Data Labs Tutorial at WHOI

Temperature profiles from 2 Pioneer Array Profilers, showing data from May 2019.Today I had the opportunity to virtually present an introduction to the Ocean Data Labs project, along with a short tutorial on working with OOI Profiler data to the WHOI Ocean Informatics Working Group. We had over 40 participants attend, including undergraduate students, faculty and career scientists.

Weather Radar image as Tropical Storm Isaias passes over NJ.(Oh, and Tropical Storm Isaias was barreling down on me here in NJ.  Luckily the power held out at my house… but if I had actually been in the office, I wouldn’t have been so lucky. Go figure.)

It was fun session to put together, though I’m sure if would have been far easier in person. I covered a lot of ground (and in retrospect, probably way too much). But the content was partly driven by the diverse audience we had. Not only did the participants range from undergrads to tenured faculty, but also from python novices to experts, as well as OOI newbies to old-hands.

Here are just a few of the topics we tried to cover…

  • An introduction to the Data Labs project and our Community of Practice
  • A brief overview of the power and benefits of python notebooks for reproducible research
  • A nickel tour of the OOI
  • The Google Colab interface
  • Tricks to loading OOI datasets in Python
    • Including working with THREDDS, NetCDF files, loading single vs. multiple files, and the #fillmismatch hack
  • Advantages and differences to using Pandas vs. Xarray for loading and working with datasets
  • And finally, actually visualizing some fun data from the Pioneer Array Profilers

In the end we didn’t get too far through the notebook I created.  But that’s the beauty of notebooks.  All of the text, code and practice exercises I prepared are all there for participants to take a look at at their leisure.

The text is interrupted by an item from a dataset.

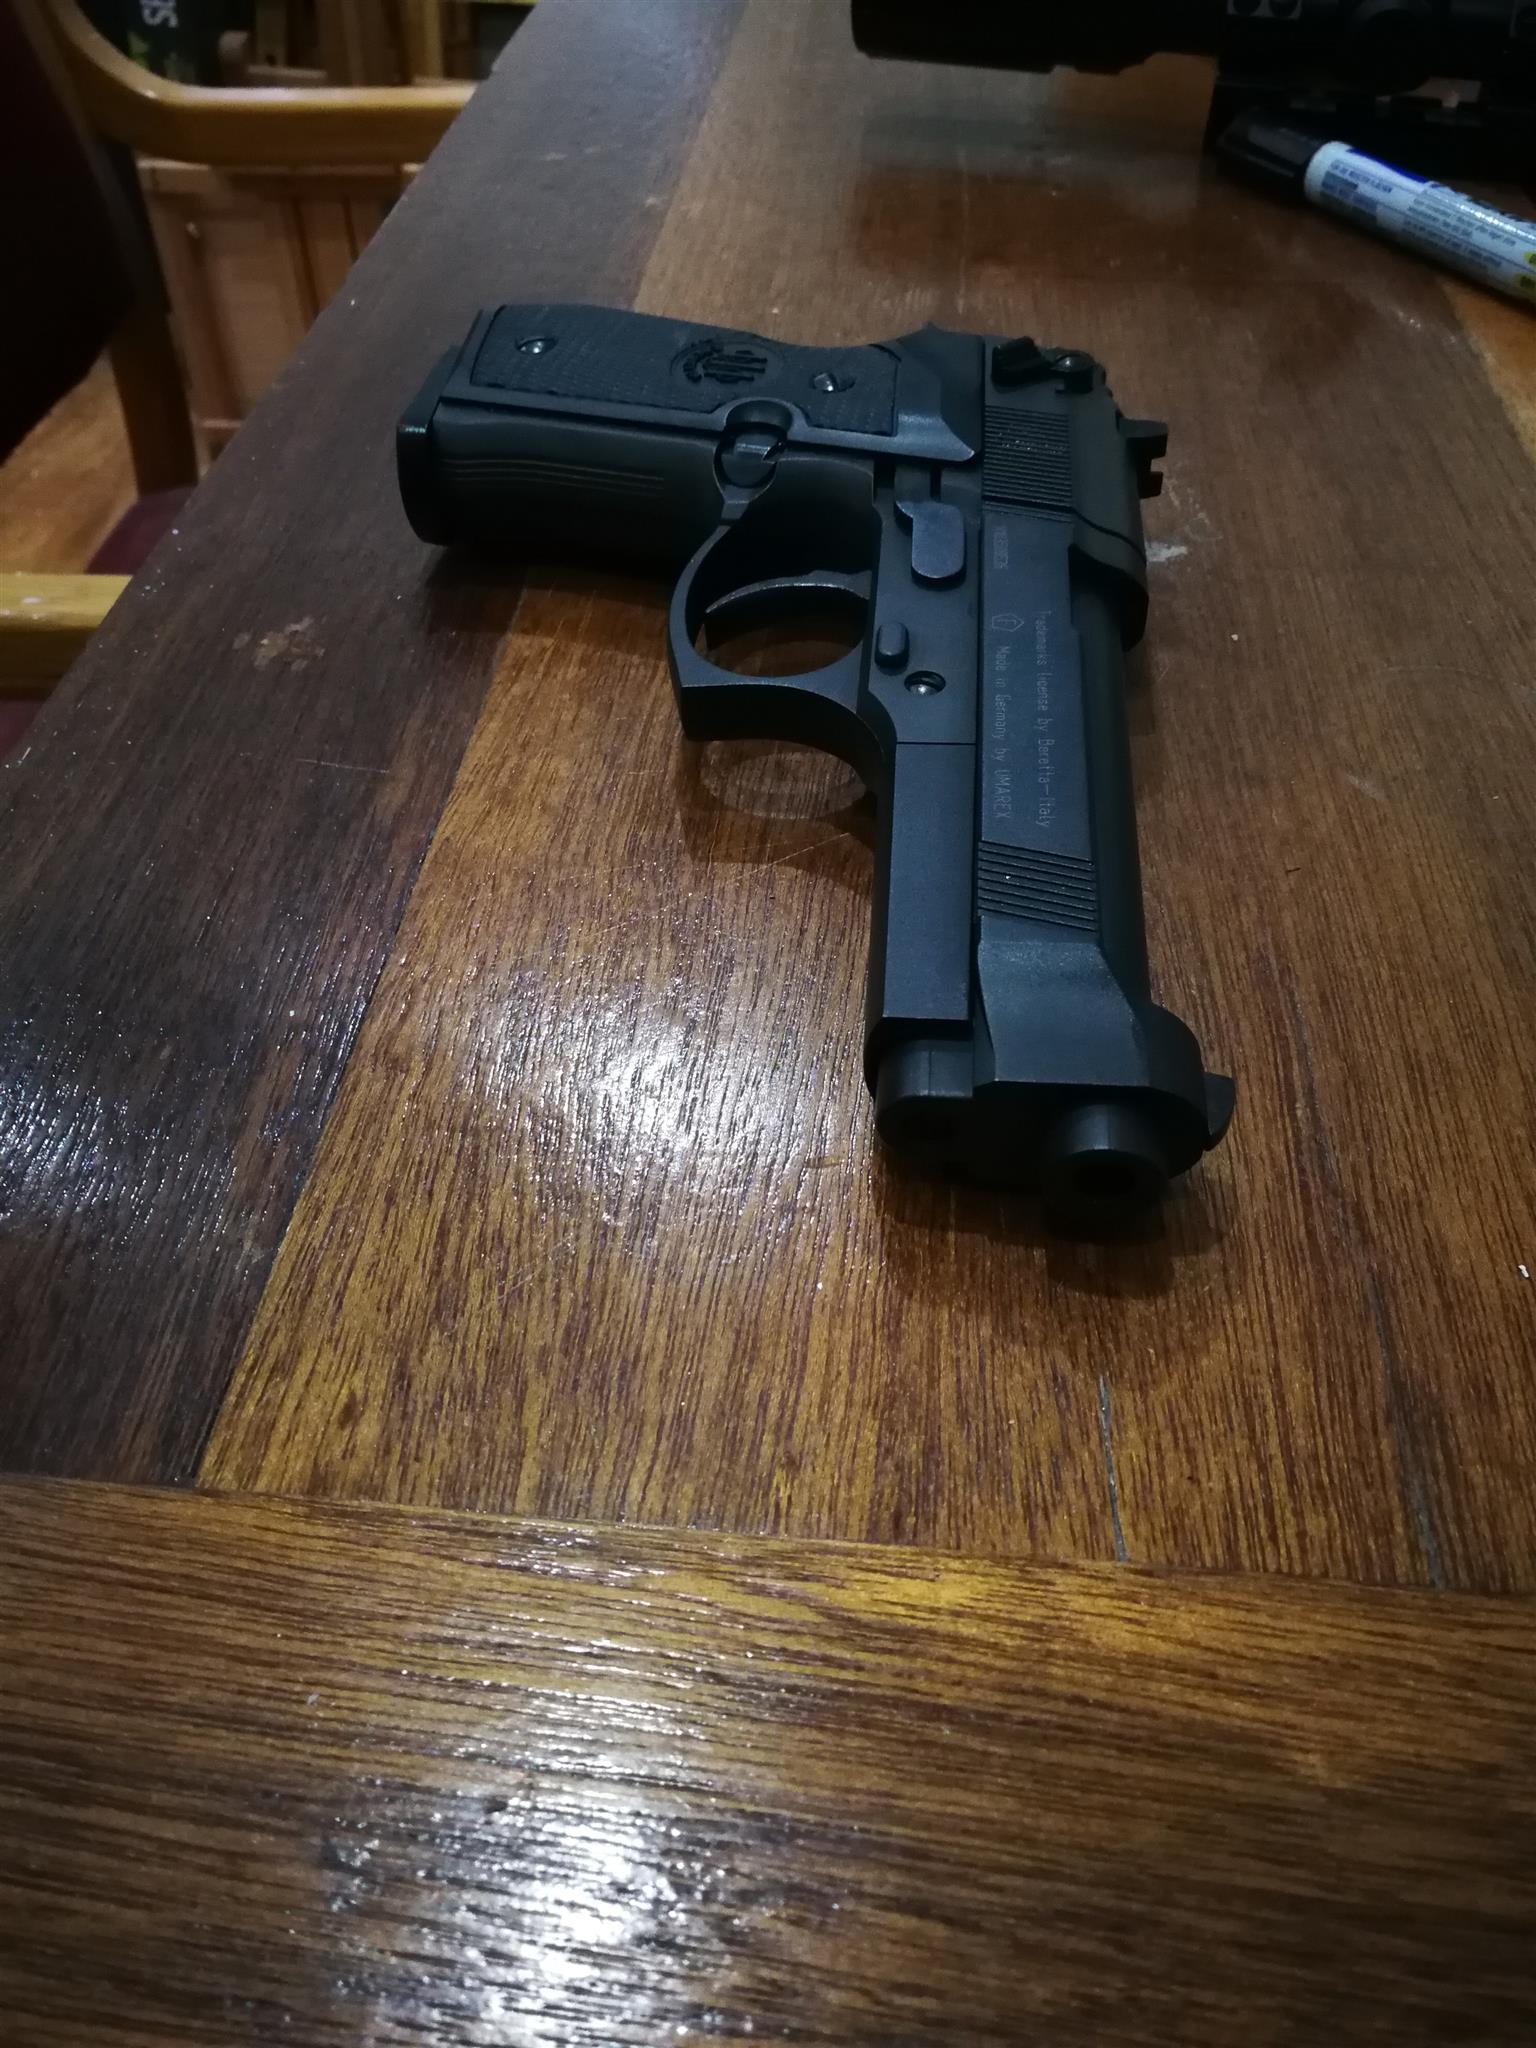 Umarex beretta m92fs pellet pistol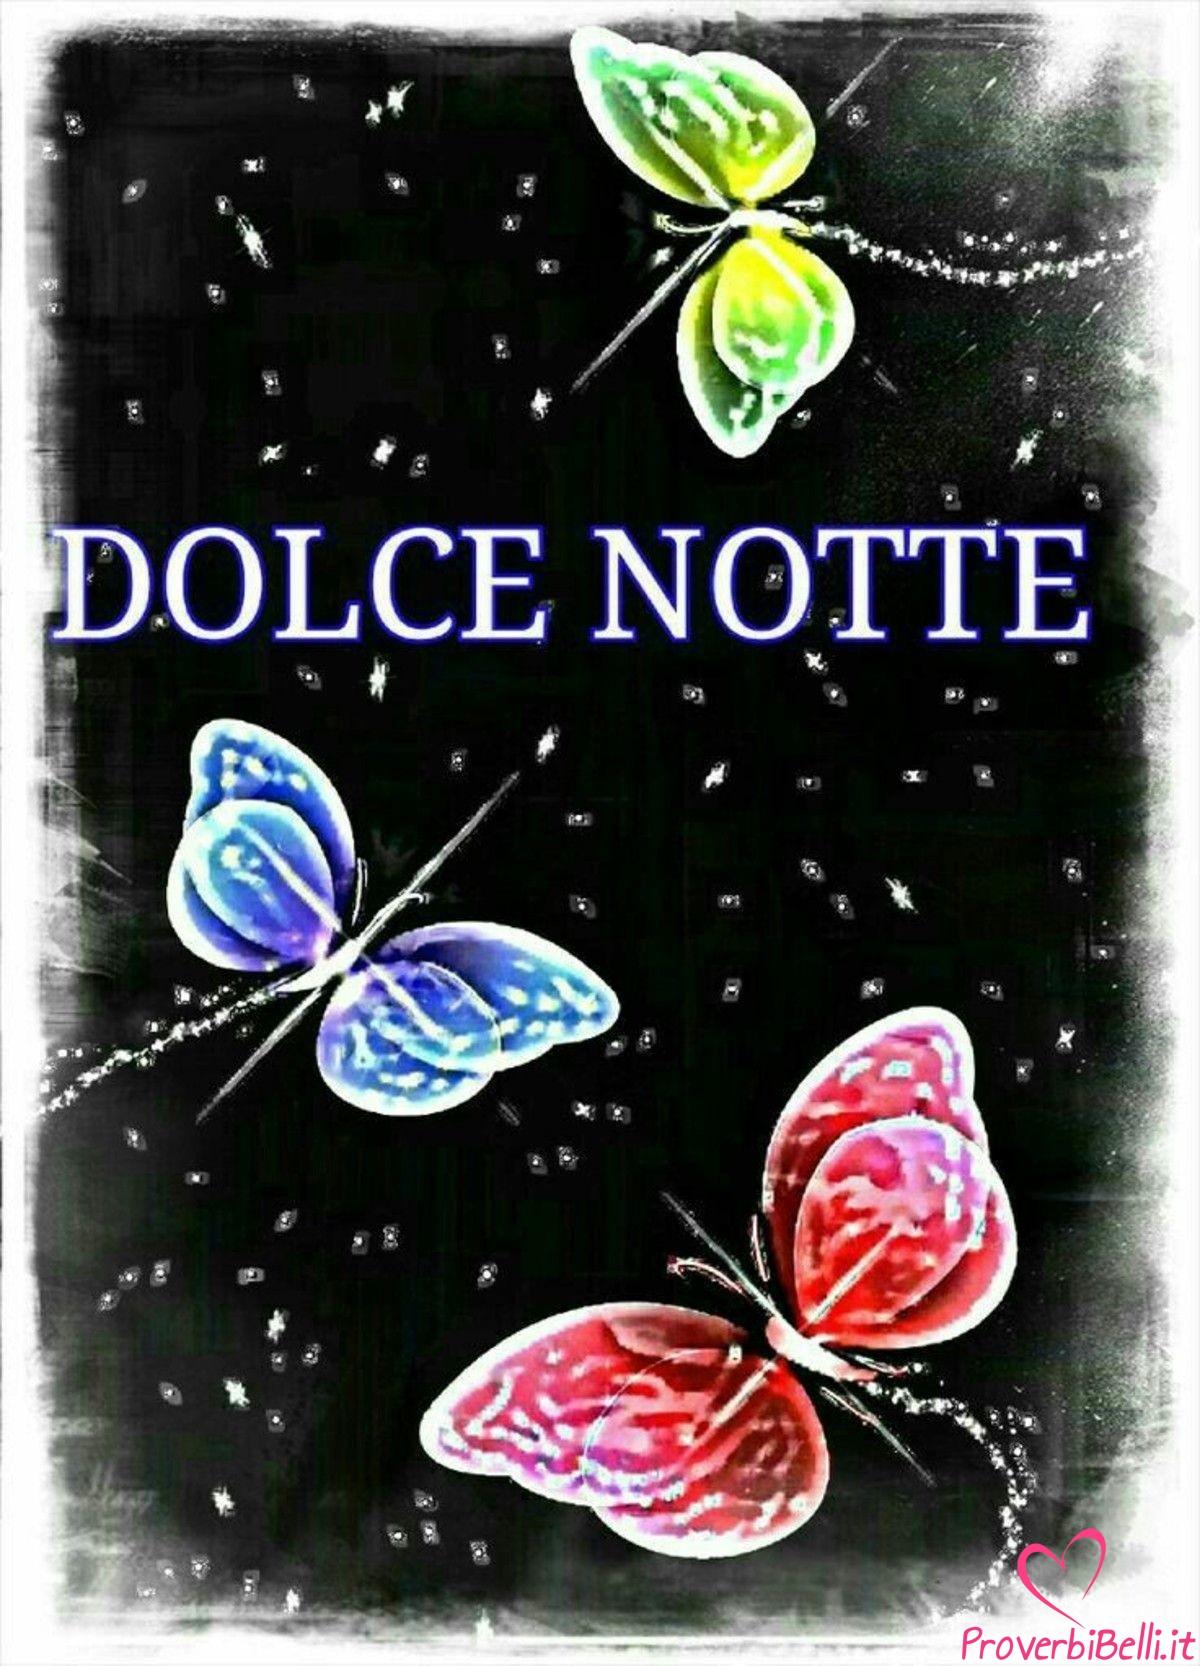 Buonanotte Immagini Animate Gratis Pagina 43 Di 92 Proverbibelli It

The reality is, working with large complex datasets from observatories like the OOI, which itself is designed to measure complex processes, and using new tools (like Python) to work with them, is a lot to learn.  In a 1-hour tutorial, you can barely scratch the surface.  To really delve into these topics, you really need a full course (at a minimum) to practice all the skills that help you discover the stories hidden in the data.  One day, I’d love to lead one. If you’re interested in making this happen, please ping me.

But in an hour, you can definitely excite people about the potential of what’s possible.  And that’s always my goal.  So if you attended today, I hope you found some benefit, and are eager to learn more.

For those who are interested in diving in to what was presented today, you can check out the slides I presented (ppt, pdf), as well as the webinar recording, and the full notebook below.  If you would like to open the notebook in Colab to play with it yourself, you can use use this link.

Special thanks to Stace Beaulieu at WHOI for organizing the event and virtually hosting me!